Kyle’s Travel Tips
Throughout my trips, I’ve narrowed in on the things I do to make my travel most enjoyable!
Maintain a packing list
Counterintuitively, the more travel I do, the more anxious I get about packing. To counter this, I keep and update a packing list that I can check before leaving the house to feel confident that I’m not missing anything critical.
Here’s a copy :).
Use anchor activities
I like to have structure to my trips and schedule things in advance. The anticipation leading up to a trip is often just as enjoyable as the trip itself. The risk is that you over-plan and don’t have enough flexibility.
I counter this with Anchor Activities. Each day has one pre-planned activity.
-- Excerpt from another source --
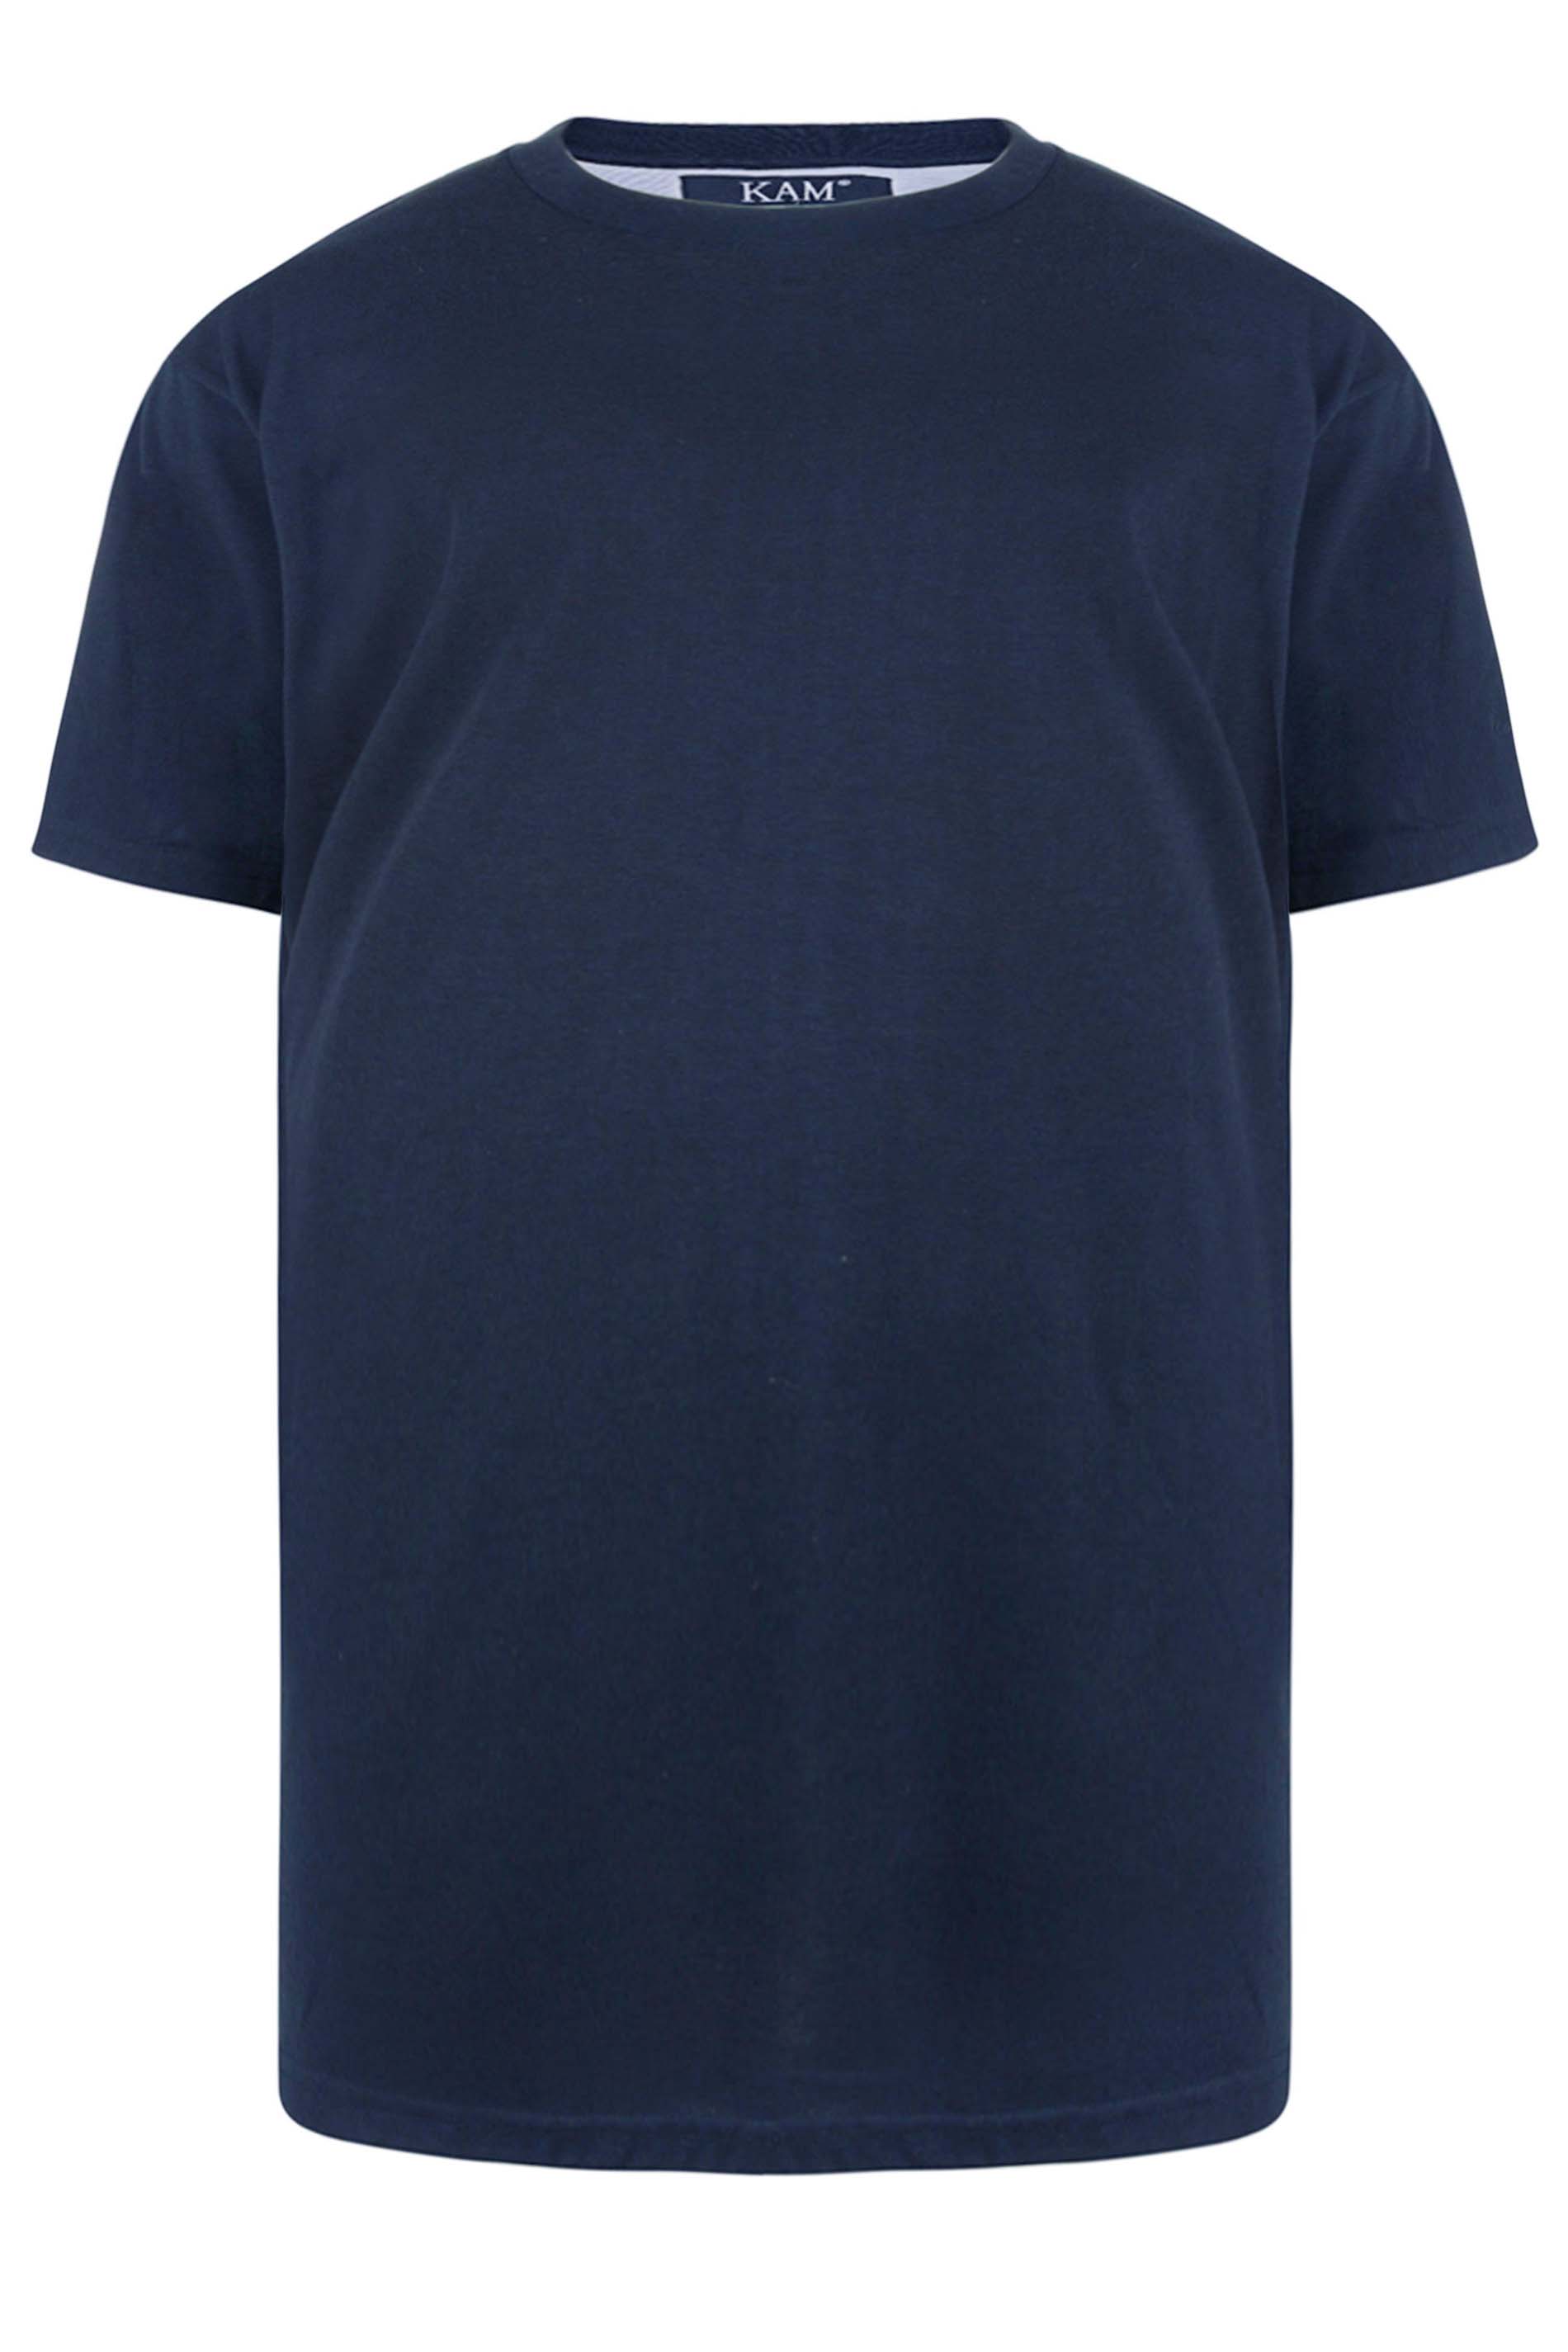 KAM Navy Blue Plain T-Shirt | BadRhino 2

Since we know that we have a specific time and location, we can plan activities around that or just have down time.
Go with the flow
Expect the unexpected, and welcome it.
Flights get canceled. You might end up dragging luggage across a frozen ski town. Or booking a spontaneous hotel in Munich and making new friends over late-night beers. Those “off-script” moments are often the ones you remember most. Laugh when it goes sideways—it’s part of the adventure.
Pack a personal ritual
Whether it’s playing cards at camp, birdwatching with a parent, or journaling in the morning, having a small ritual gives you grounding on the go. Travel can be chaotic; your ritual is the familiar beat in new surroundings.
Before red-eye flights…
If I know that I’ll be on a red-eye flight, I have strict rules:
1. No alcohol
2. No eating if I plan to sleep within 3 hours
While it can be a bummer to miss these things – especially if you’re in business class – for me, it’s the difference between sleeping 2-3 hours vs 7-8.
Balance movement and stillness
I aim to experience something new, have fun, make a memory, and feel revitalized every day.
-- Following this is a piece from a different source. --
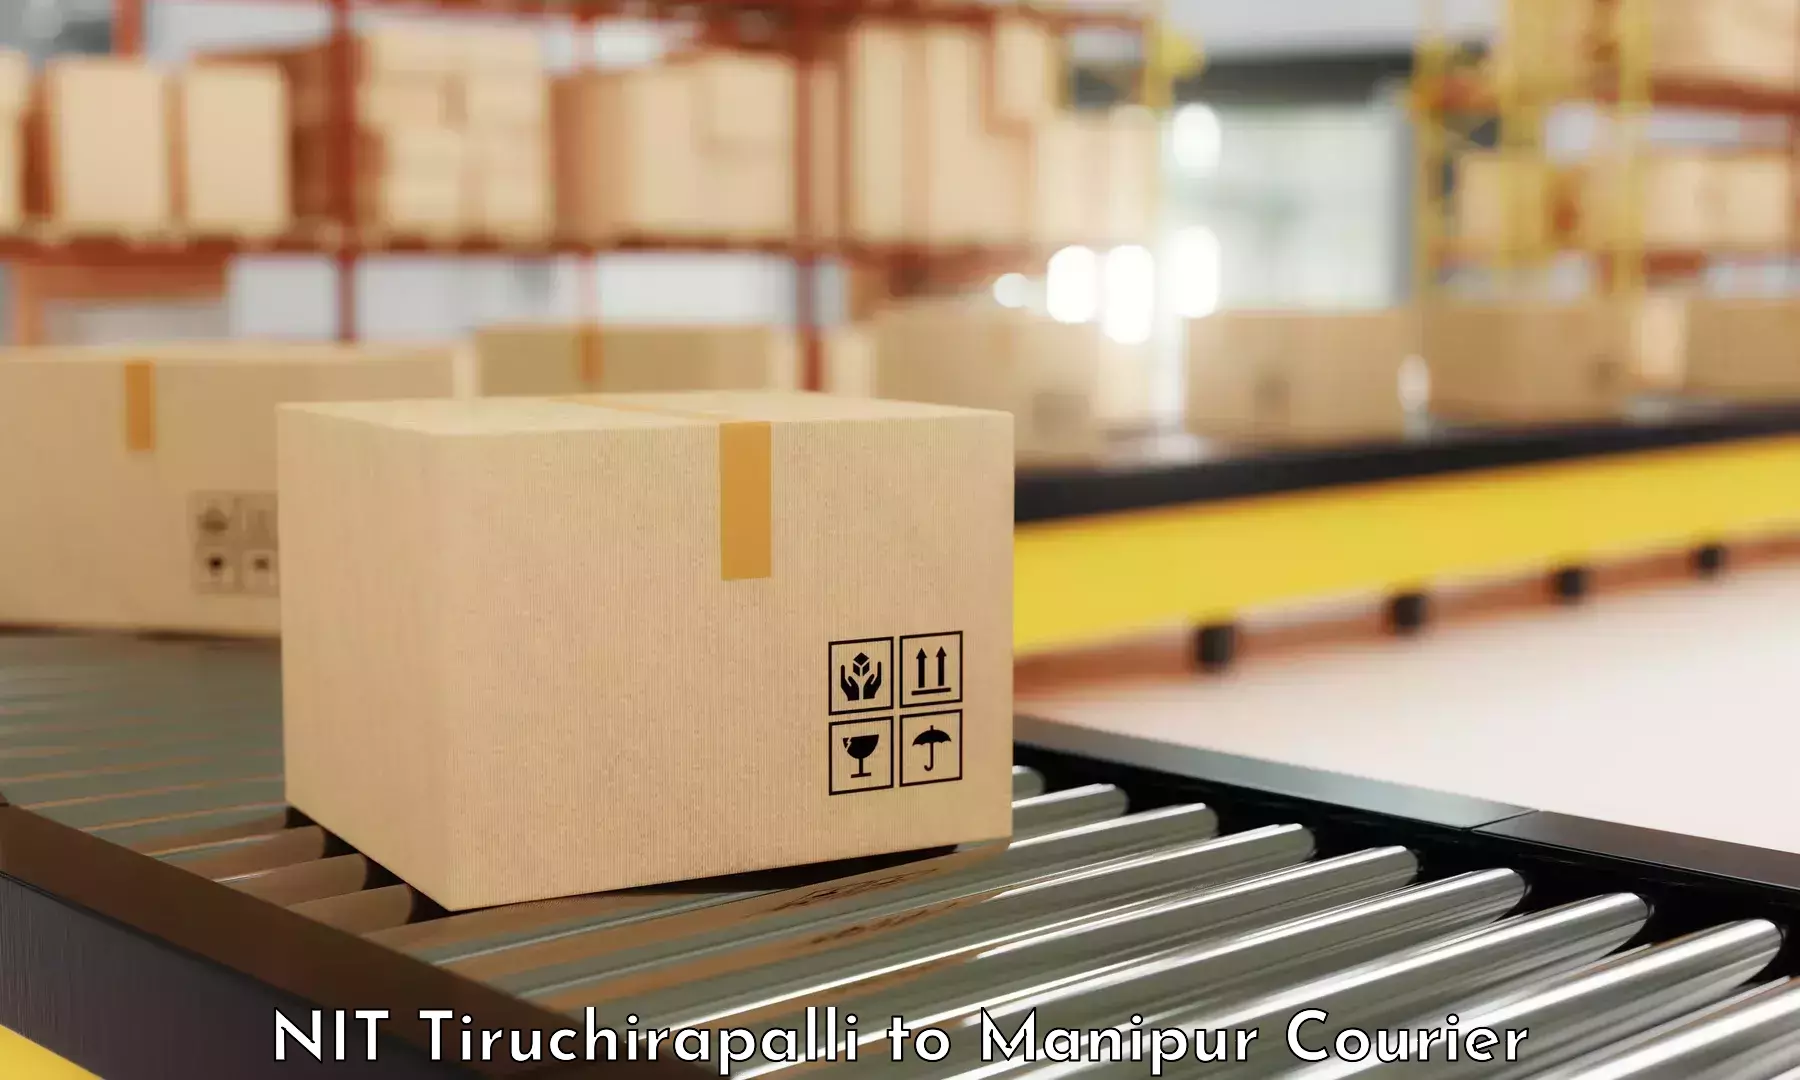 Express logistics providers NIT Tiruchirapalli to Kakching

That last one? It’s the trickiest. Leave space for “nothing”—quiet mornings, slow walks, hammocks, or saunas. You need both energy and pause to make a trip whole.
Make space for others’ stories
On a lot of my trips, I’ve invited family or friends to join. Give them space to shape the trip, too. Whether it’s helping someone get scuba certified or watching your parents try pasties for the first time, seeing others light up is part of the reward.